Monday, April 22, 2013

JO JOE by Sally Wiener Grotta_Review

Jo Joe by Sally Wiener Grotta
5 stars

Set in Black Bear, Pennsylvania, a fictional milieu created by authors Sally Wiener Grotta and Daniel Grotta, “Jo Joe” is a multilayered tale of small-community life, bigotry, entrenched religion, and one individual’s need to break free to assert her individuality, in the face of community pressure to either conform or to disappear. Judith Ormand is a Parisian-born product of a black French Jew and a Pennsylvania mountains Moravian. Raised until adolescence in Paris, after the death of her Grand-pere and the dissolution of her parents’ marriage, Judith goes to Black Bear to live with her mother’s folks. Due to her dark skin and professed Judaism, much of the community shuns her, but he is inexplicably defended by Joe, a hulking product of childhood abuse and football star—until he suddenly shuns her as well, leaving her vulnerable to attack and assault.

In her thirties when her beloved Gramma dies, Judith returns to Black Bear for the first time in many years (with the exception of her mother’s funeral earlier), to discover that the home and acreage have been bequeathed to Joe, whom her Gramma always distrusted. Determined to find an answer, the why of this sudden recent change of heart, Judith begins to turn over metaphorical rocks to peer underneath at the secrets such stones hide.

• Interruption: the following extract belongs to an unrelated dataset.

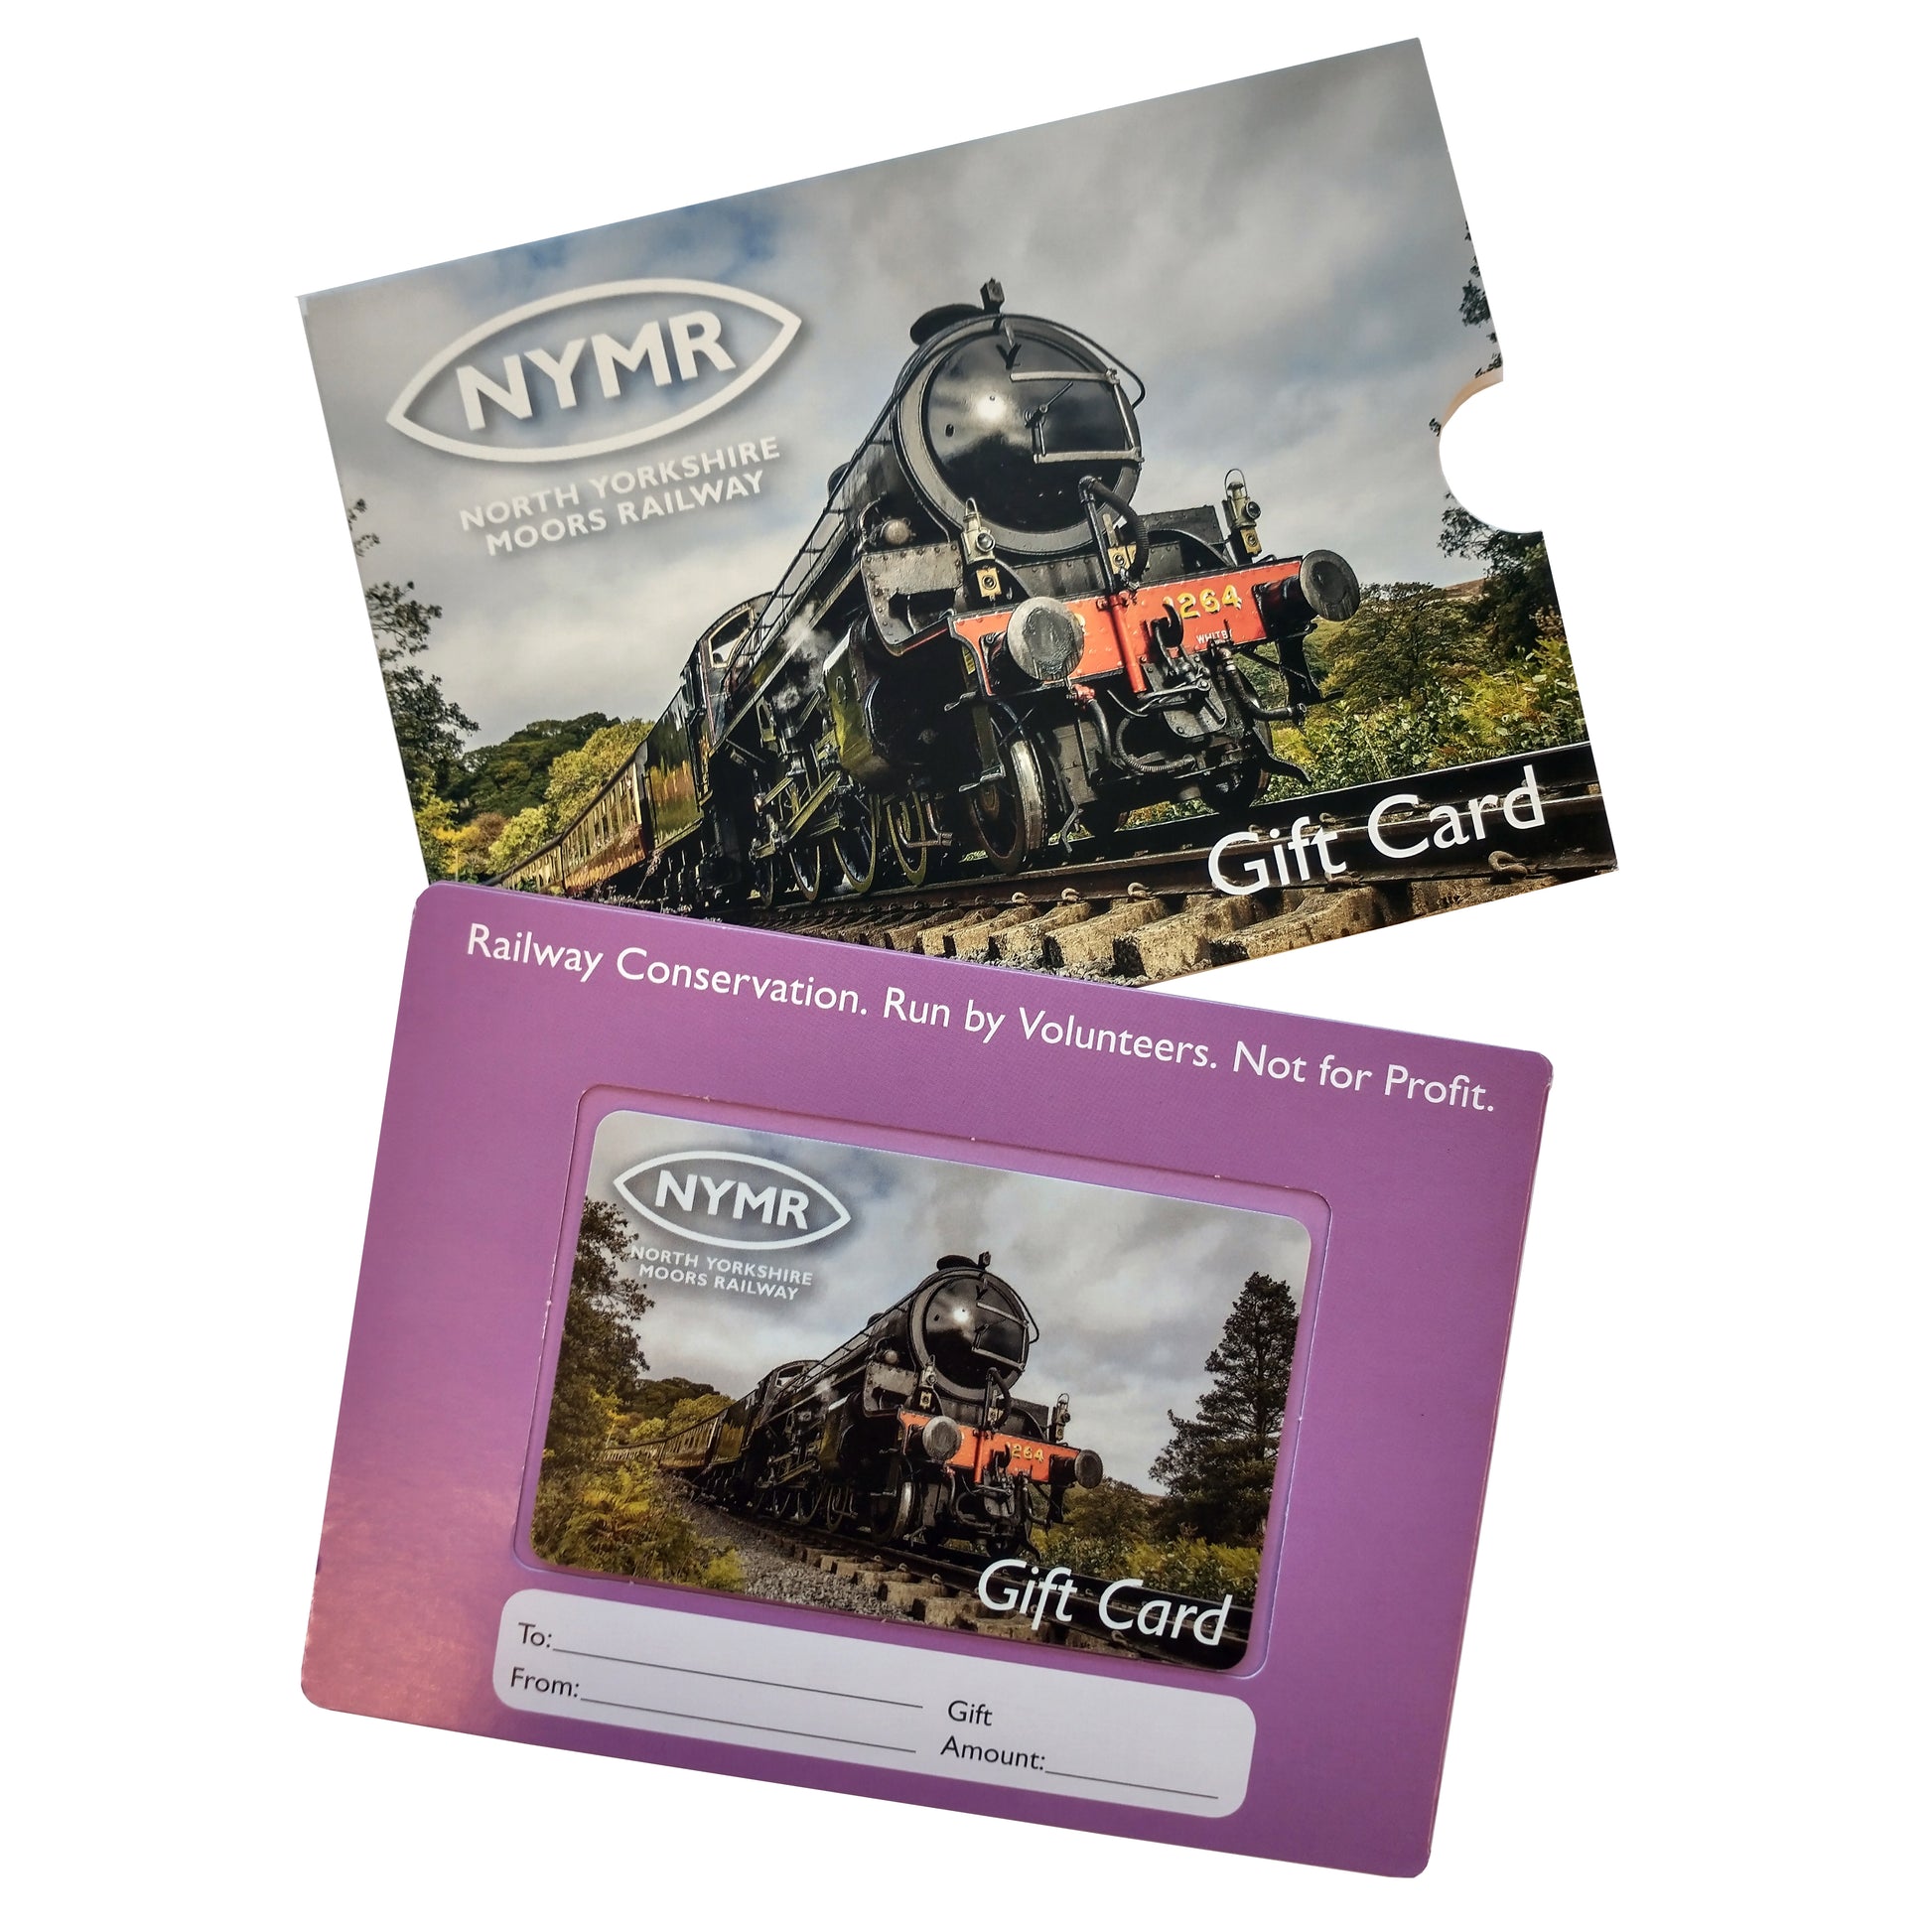 Gift card and sleeve with photo of steam engine number 1264. Card has space for to, from and gift amount to be added.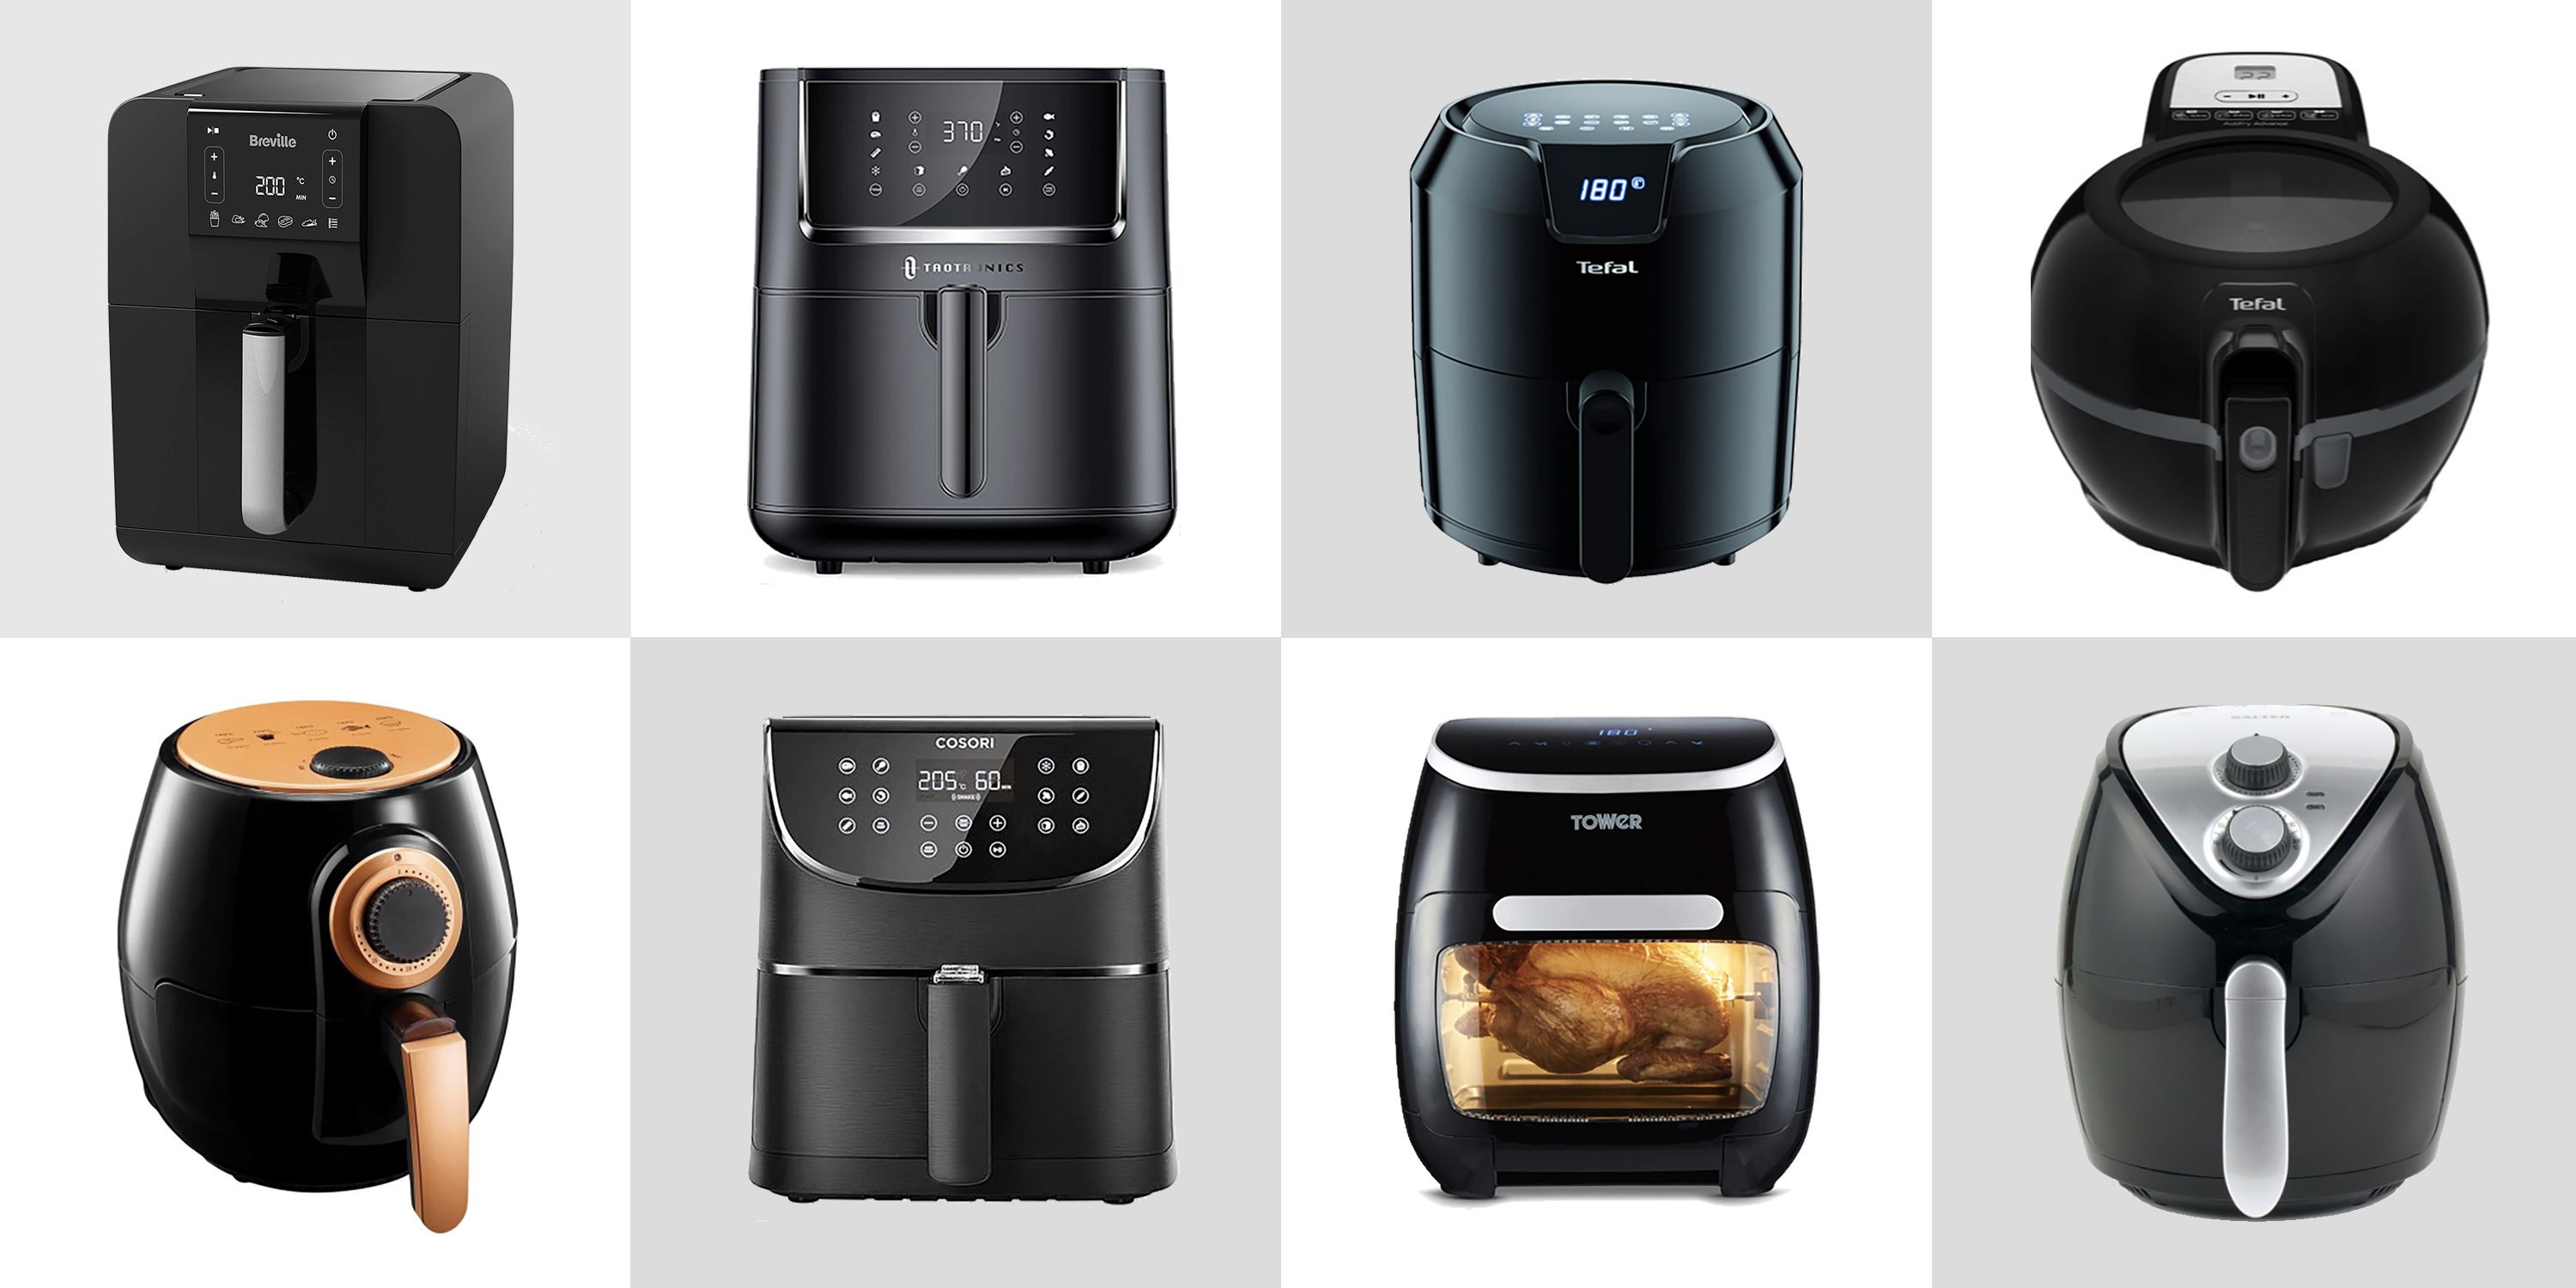 TaoTronics Air Fryer Large XL 6 Quart 1750W Oven with Touch Control Panel

Ms. Grotta effectively portrays the mind-sets of this small Poconos Mountain community, going far beyond the expected “small town-everybody knows everybody’s secrets and business” to delineate the layers of savage racism, indifference and fear of outsiders, cruelty and sadism, the hive-consciousness of mobs, and the ways in which such negatives grind at the individual, producing not joy and light but instead bitterness, resentment, and fear. If we are shaped by our environment, such shaping becomes clear throughout the residents, and former residents, of Black Bear.